The Foxholes 2020
They push through, they come out: a small ensemble from Barcelona eventually deliver a live album.
It took them a long, long time yet, one decade down the line from this little combo’s full-length debut, arrives a document of THE FOXHOLES’ concert experience. Bringing to the audience most of 2016’s “Un Mal Menor” – that harked back to the band’s beginning in terms of material – and "Sci-Fox" from the following year, the Catalan collective effectively revise what looked like very cultured, refined performances on earlier records and emerge as a wonderfully wild bunch. It’s dirty and tasty – and triumphant, too.

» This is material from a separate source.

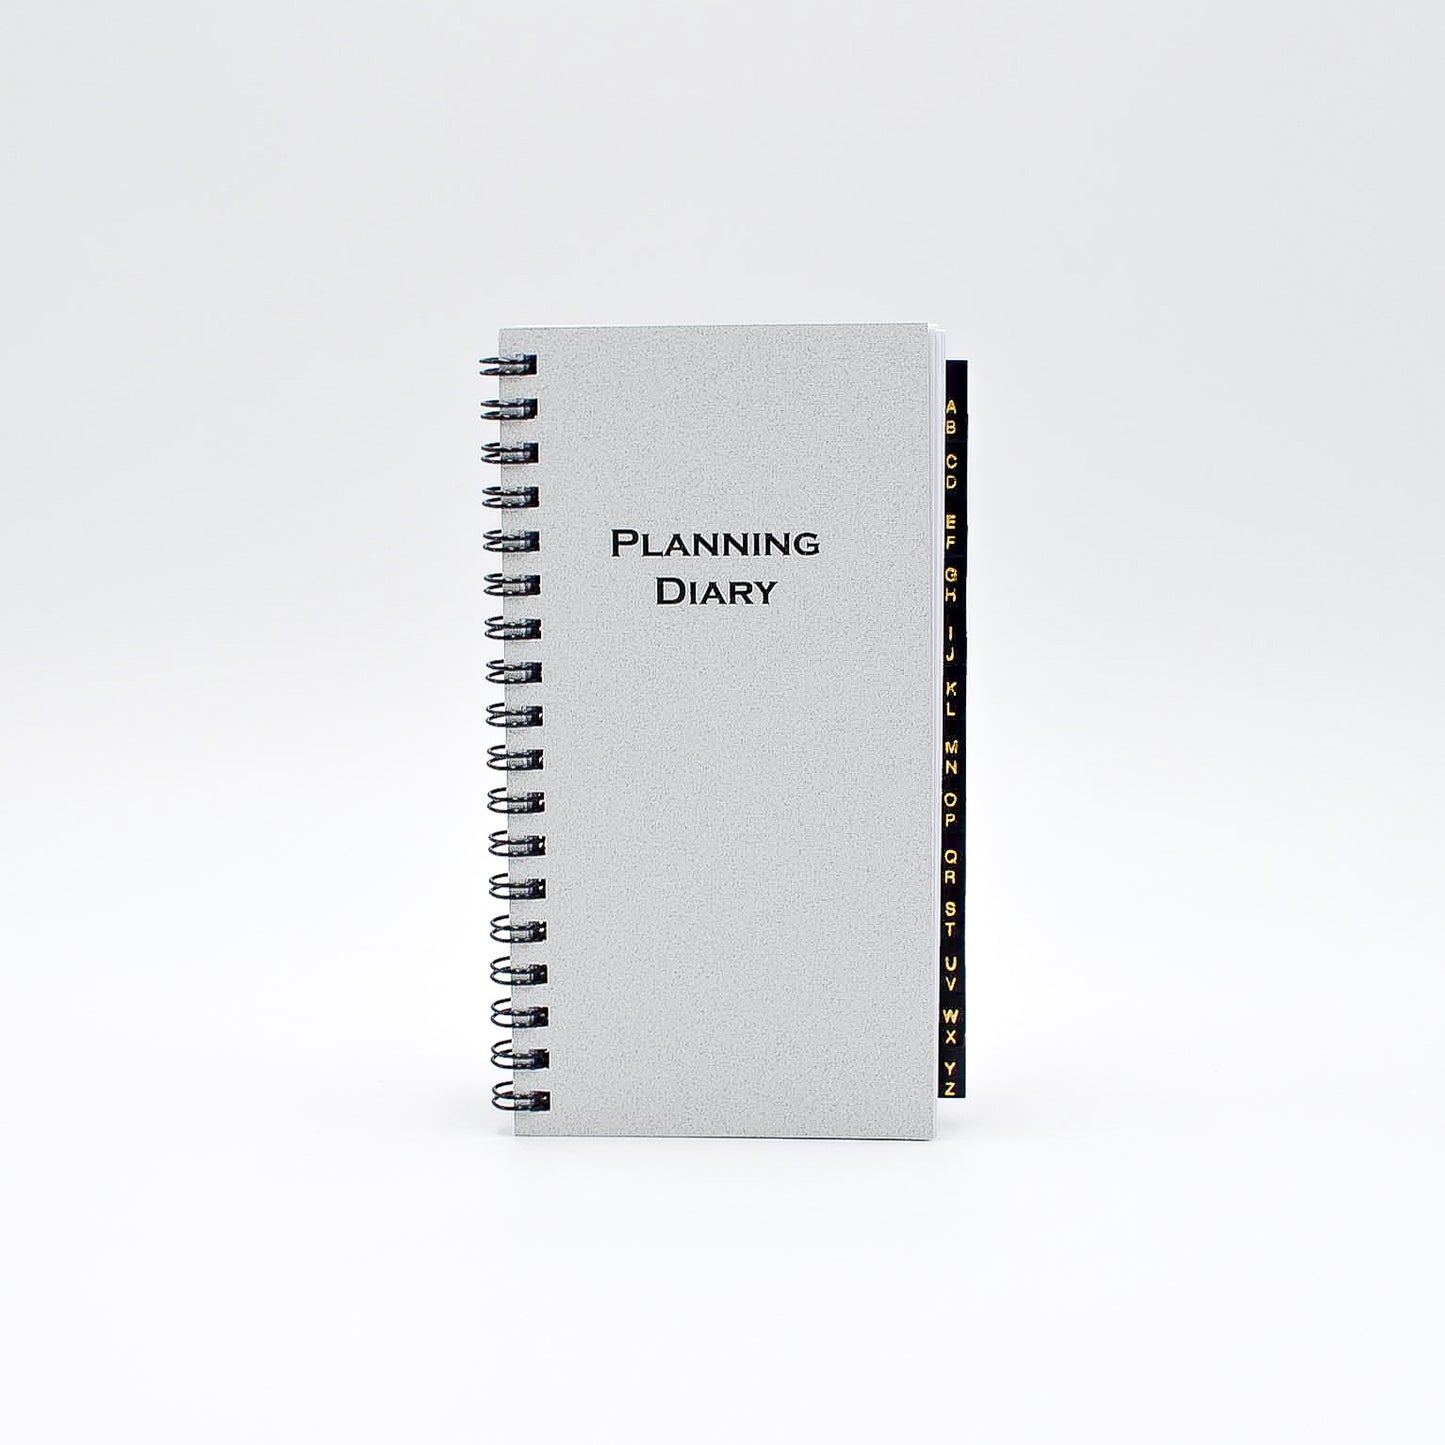 McCarthy Planner- Item MWA36W 12 Month Planner  White paper. Size 6-1/4" x 3-1/4" 144 pages; Weekly and Monthly View Format. One agenda planner; two formats. Also includes a 3 Yearly View, 12 Monthly View, 52 Weekly View. And includes Advance Planning, Important Dates, International Holidays, Birthdays and Anniversaries, Weights and Measures, Weather, Interest Rates, Road and Air Miles...and more!  INCLUDES Address Section with Leatherette Tabs.  Made in the USA!

They make an awful lot of sweet noise for a trio, opener “Tu Realidad” not only bristling with guitar filigree and bass swells but also offering sweet six-string harmonies to take its tune to the skies. As a result, there’s a layer of punk defiance where prog used to be, so the artsy moments of “Tiny Speck” create a nice contrast to the piece’s heavy sway. This previously unseen panache leads to “Goldminer Song” bursting at the seams, since the singer Jonah A. Luke’s riffs are both alluring and alienating, and the cut’s sonic sparseness is arresting to say the least.
As Ángel Millán’s drums drive the jagged edge of “La Ciencia de la Confusión” to where Mojo Moritz’s spank fuels the melody, it’s difficult to escape the little ensemble’s on-stage pull that, perceived firsthand, must be truly spectacular, once the fervent, cymbals-caressed swirl behind “Tierra ni Hogar” turned into belligerent sway. And while “Invader Proxy” is rocking and rolling with much gusto, and an ABBA quote to boot, the Spanish tension of “Mephistopheles” has seriousness written all over the number’s surface – the quasi-orchestral expanse quite uncharacteristic for such a line-up.
If this is new direction for the trio, it’s an interesting twist; if this is a simple deviation, it’s a devilish trick. Whatever it is, “Konzert” was worth the ten-years’ wait.